You can also choose to play chess bots representing top chess creators such as Alexandra Botez or Anna Cramling or Eric Hansen or someone like that.
And recently, Chess.com came up with a group of cat chess bots. Why? I couldn’t tell you. But there are three cat chess bots: There’s Mr. Grumpers, who plays at roughly my rating level. There’s Catspurrov, a grimacing pun for the chess legend Garry Kasparov, who plays just a touch above my level at 1400.
And there’s Mittens, the cutest of the bunch.
Mittens’ listed rating is (1), suggesting that Mittens is a beginner.
But Mittens is not a beginner, nor is Mittens cute. Mittens, it turns out, is a demonic cat with ambitions of world domination. That would be a mildly amusing and pretty forgettable gag, except for one thing:
There is probably not a human being alive who can beat Mittens at chess.
I am not exaggerating here. Two of my favorite chess streamers — International Masters Gotham Chess and Eric Rosen — each played a couple of games against Mittens. To say they were destroyed does not fully evoke just how easily Mittens won those games. Mittens toyed with them. Grandmasters like Hikaru and Benjamin Bok earned hard-fought draws.

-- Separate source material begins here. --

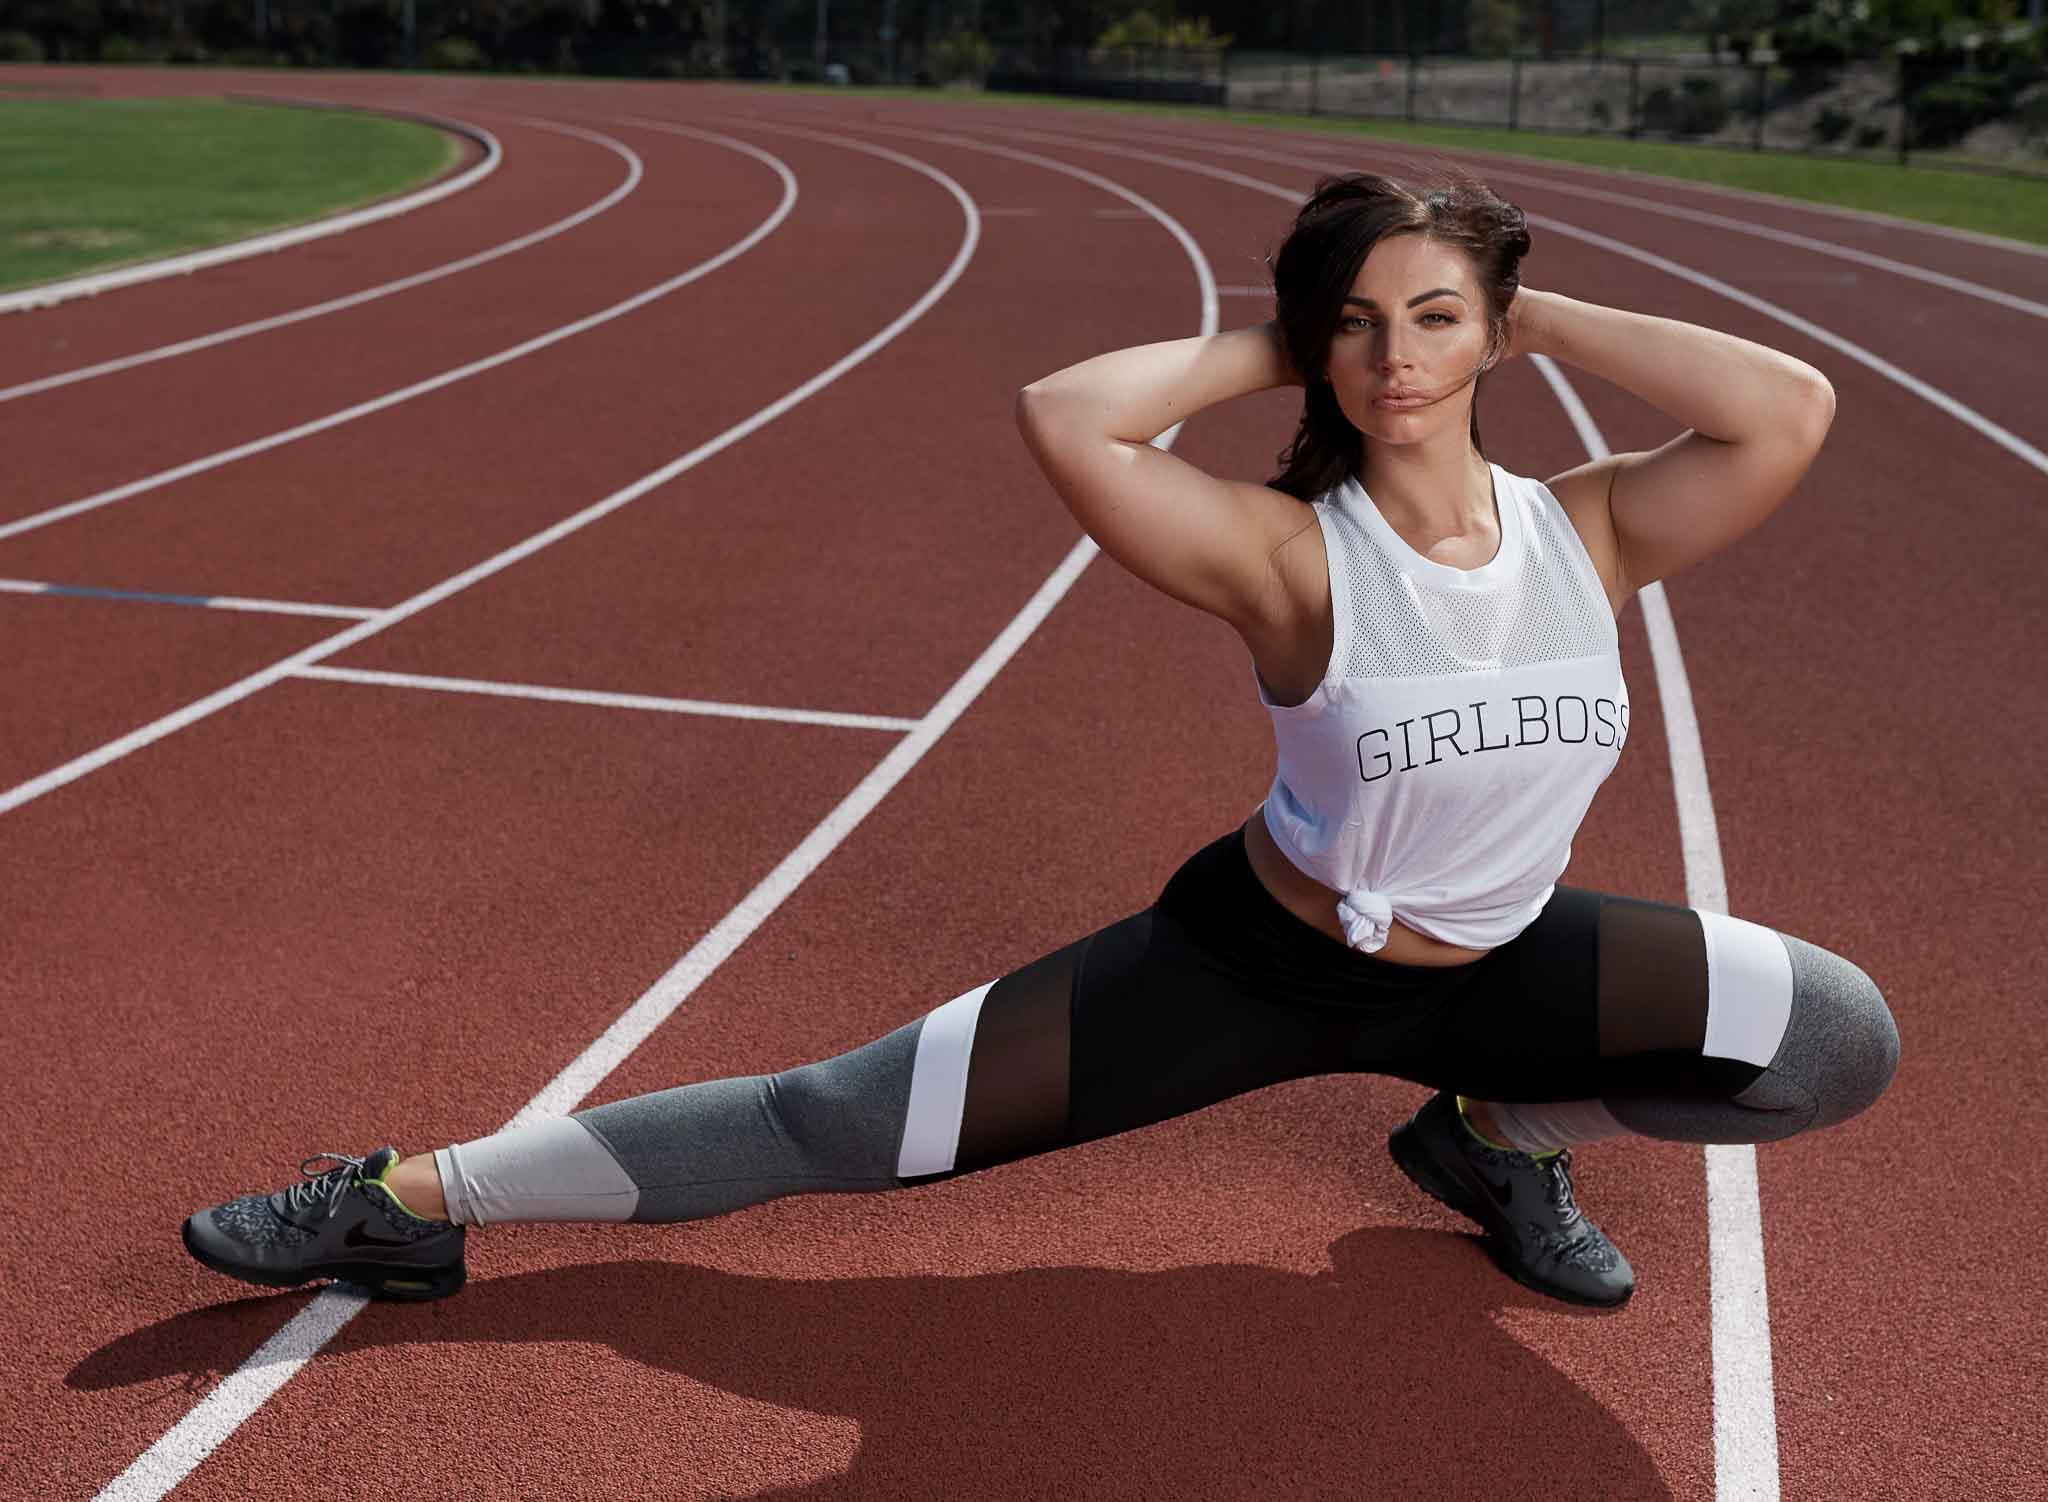 Brihannan stretching on running track

The best player on earth, maybe the best player ever, Magnus Carlsen, refuses to play Mittens, which he calls a “transparent marketing trick.” His full explanation for why he won’t play Mittens is actually quite poetic:
“To play chess is to engage in a dance of the mind, a test of wit and strategy,” he writes. “The challenge of outmaneuvering a living, thinking opponent is what gives the game its depth and meaning. To resort to playing against a faceless, soulless machine is to deprive oneself of the rich, human experience that chess has to offer. I therefore refuse to play the ‘Mitten’ bot, for to do so would be to diminish the very essence of the game that I hold dear.”
I like that very much.
But I fear that, in many ways, the essence that Magnus holds dear is already gone.

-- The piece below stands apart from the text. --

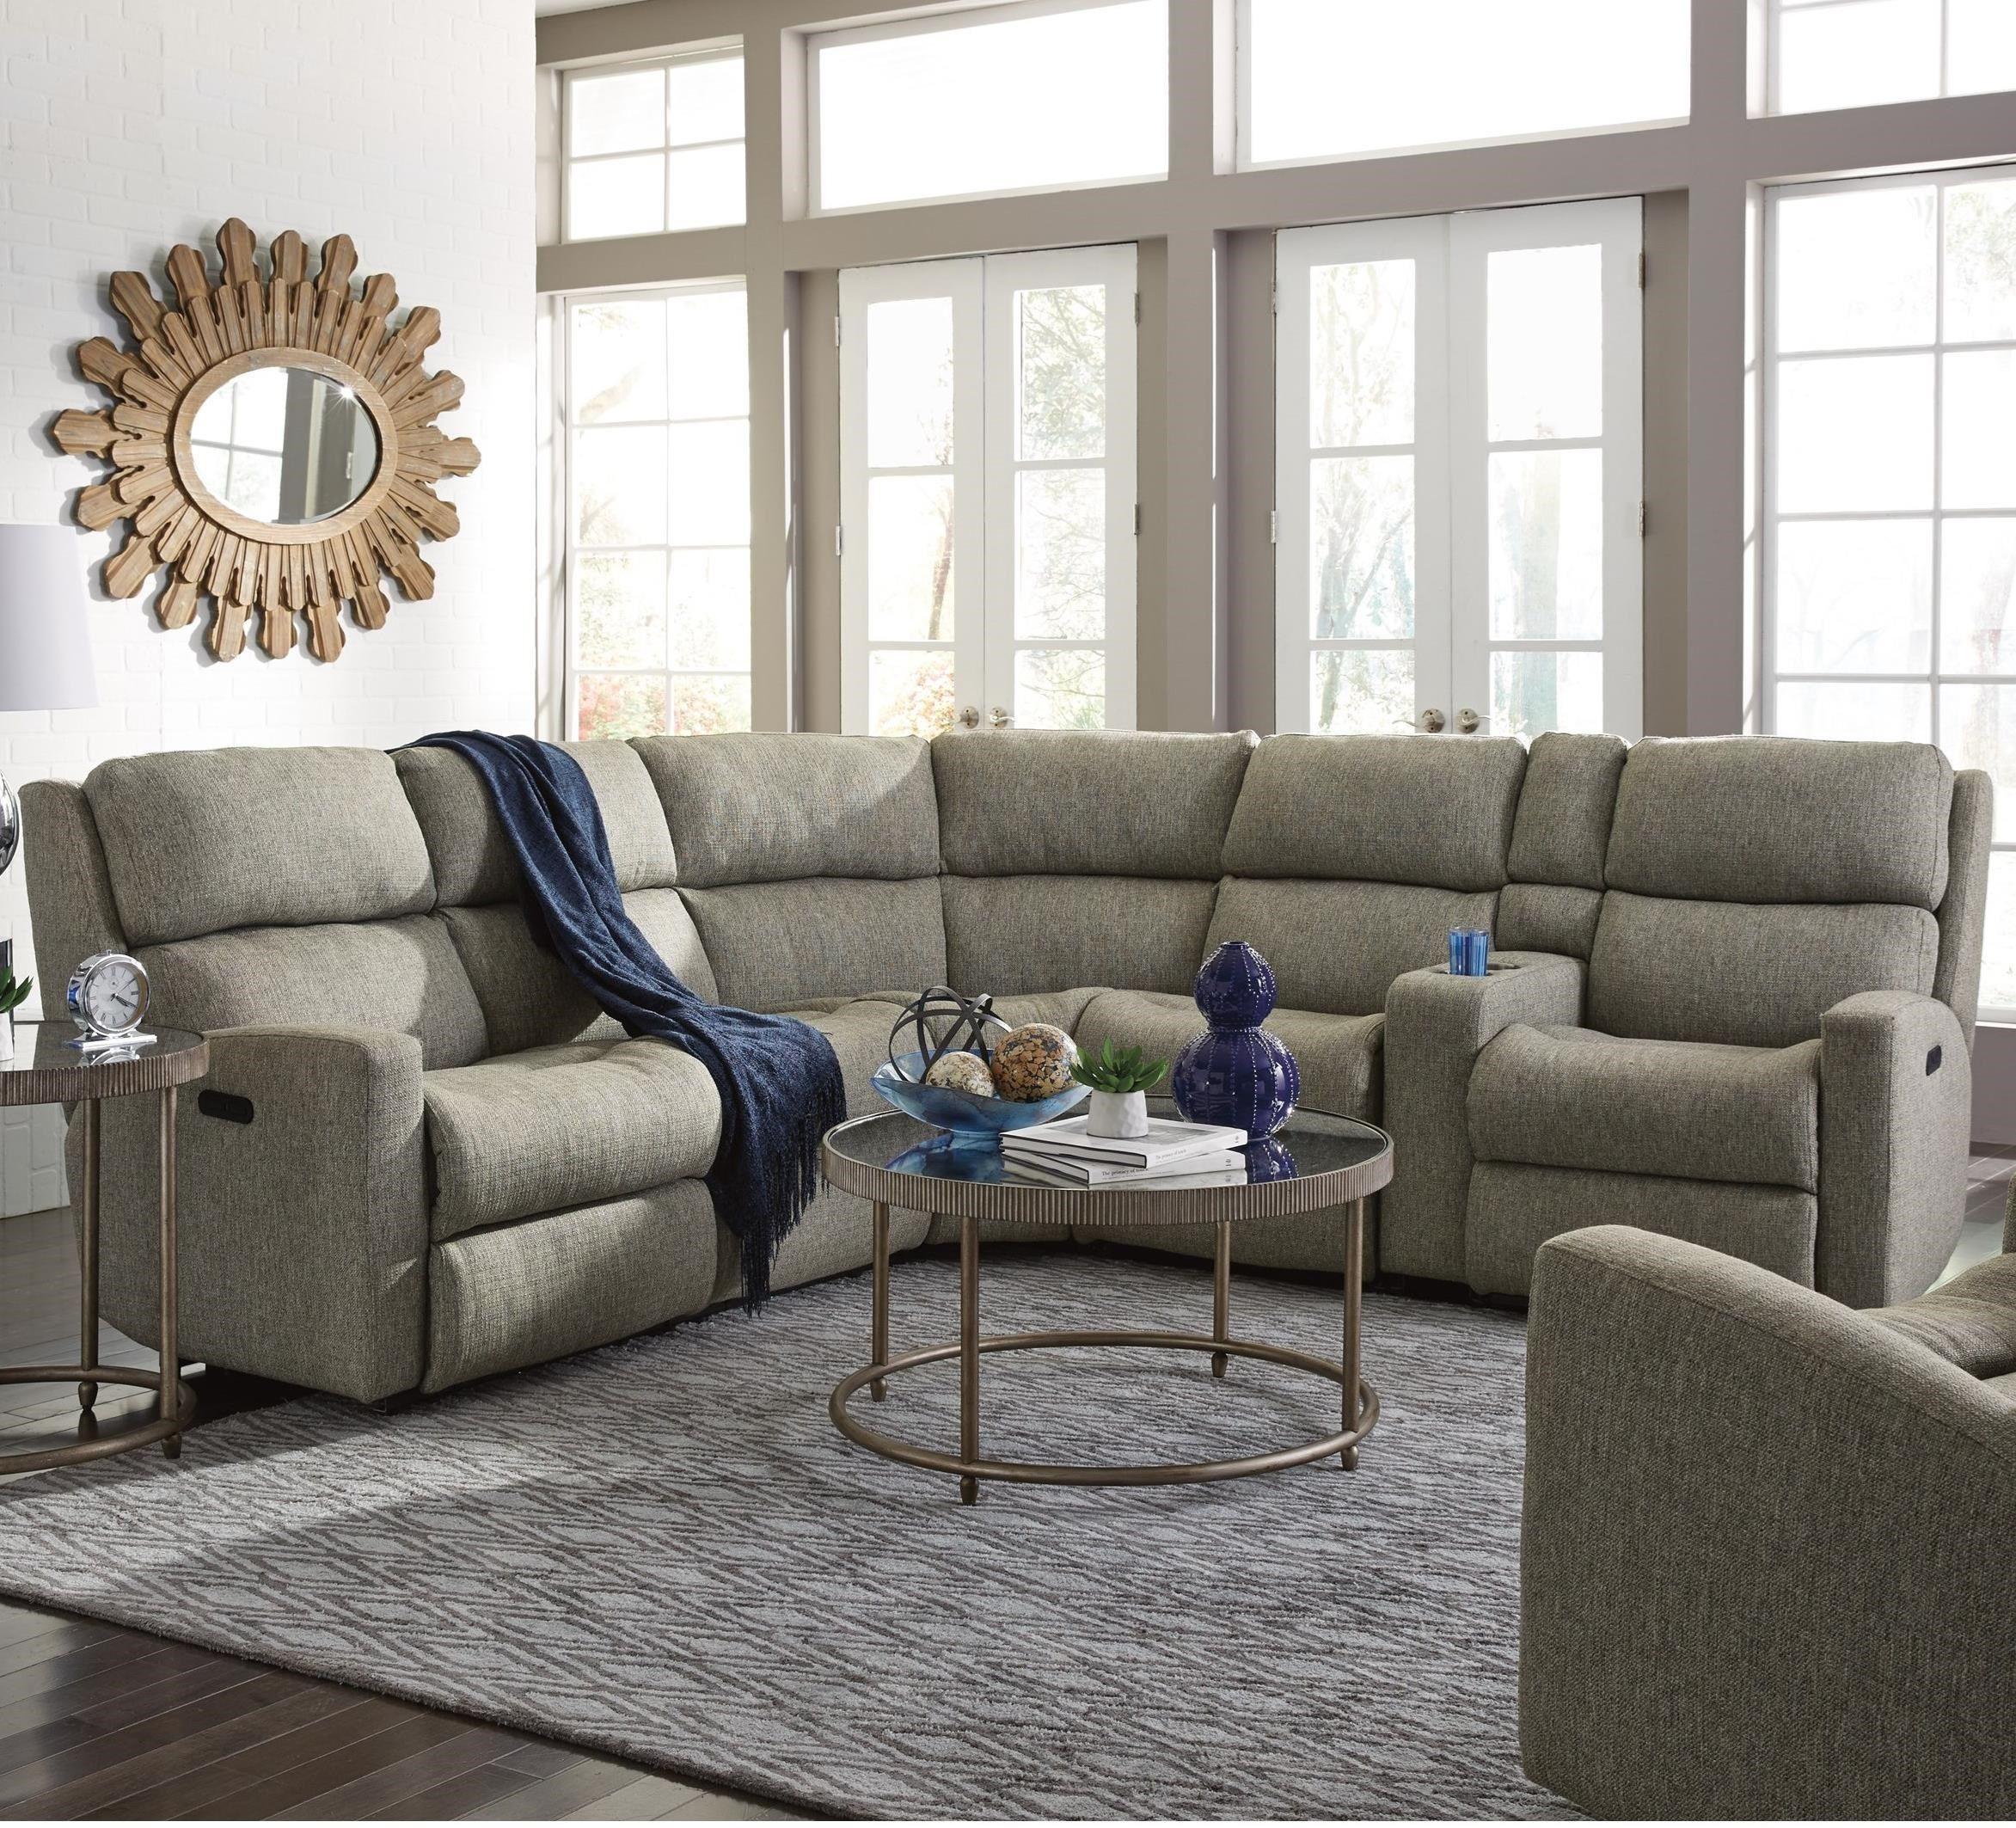 Groovy Catalina Six Piece Power Reclining Sectional Sofa By Inzonedesignstudio Interior Chair Design Inzonedesignstudiocom

Mittens is not the best chess bot in the world, not even close. Most people would tell you that at this particular moment, Stockfish 15 is the best chess bot in the world — and Stockfish 15 can toy with Mittens much in the same way that Mittens can toy with humans — but there are plenty of other bots better than Mittens. Hikaru, after barely holding on for a draw against Mittens, made it clear that he was not particularly impressed with Mittens and the way it botched a winning position.
But this, too, gets at the point: A chess bot doesn’t have to be the best to still be better than human beings at the game. Chess was once an art. It is now, alas, a science.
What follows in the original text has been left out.